MongoDB distinct too big 16mb cap - java

I have a Mongodb collection. Simply, it has two columns: user and url. It has 39274590 rows. The key of this table is {user, url}.
Using Java, I try to list distinct urls:
MongoDBManager db = new MongoDBManager( "Website", "UserLog" );
return db.getDistinct("url");
But I receive an exception:
Exception in thread "main" com.mongodb.CommandResult$CommandFailure: command failed [distinct]:
{ "serverUsed" : "localhost/127.0.0.1:27017" , "errmsg" : "exception: distinct too big, 16mb cap" , "code" : 10044 , "ok" : 0.0}
How can I solve this problem? Is there any plan B that can avoid this problem?

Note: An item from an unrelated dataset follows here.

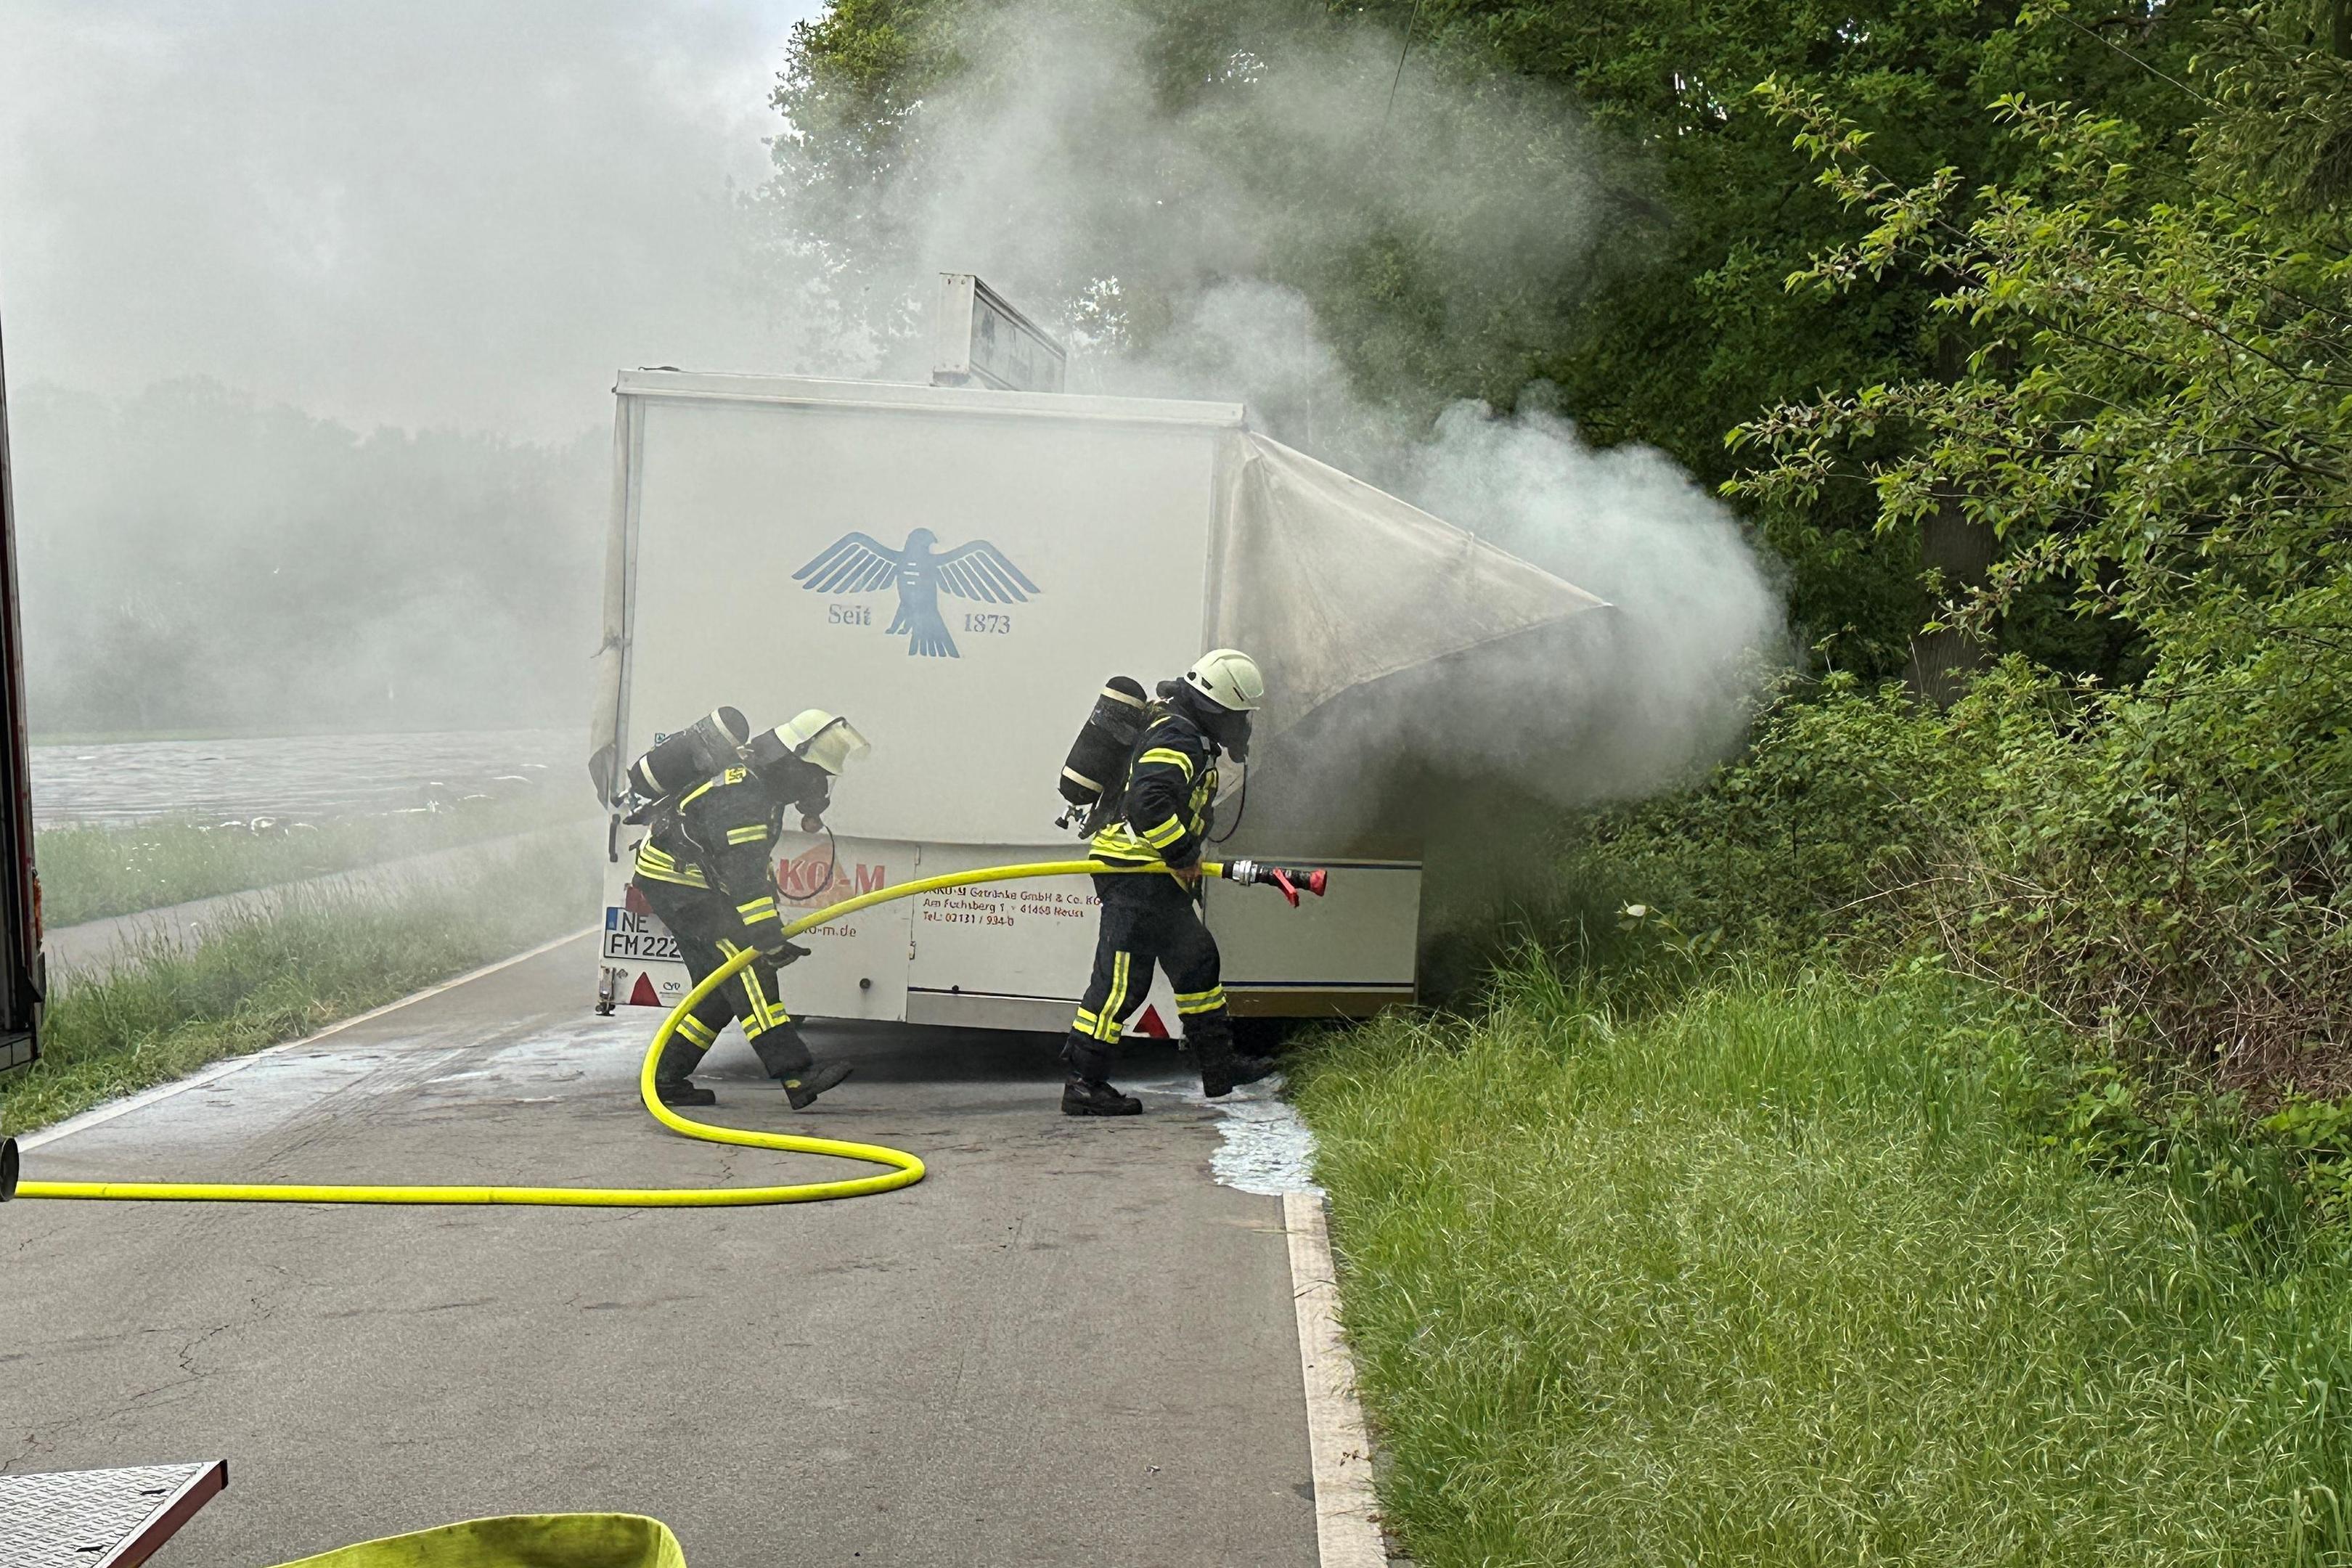 Alleine konnte der Fahrer des Lkw, der den Schankwagen gezogen hatte, den Brand nicht löschen. Die Feuerwehr rückte aus.

In version 2.6 you can use the aggregate commands to produce a separate collection:
http://docs.mongodb.org/manual/reference/operator/aggregation/out/
This will get around mongodb's limit of 16mb for most queries. You can read more about using the aggregation framework on large datasets in mongodb 2.6 here:
http://vladmihalcea.com/mongodb-2-6-is-out/
To do a 'distinct' query with the aggregation framework, group by the field.
db.userlog.aggregate([{$group: {_id: '$url'} }]);
Note: I don't know how this works for the Java driver, good luck.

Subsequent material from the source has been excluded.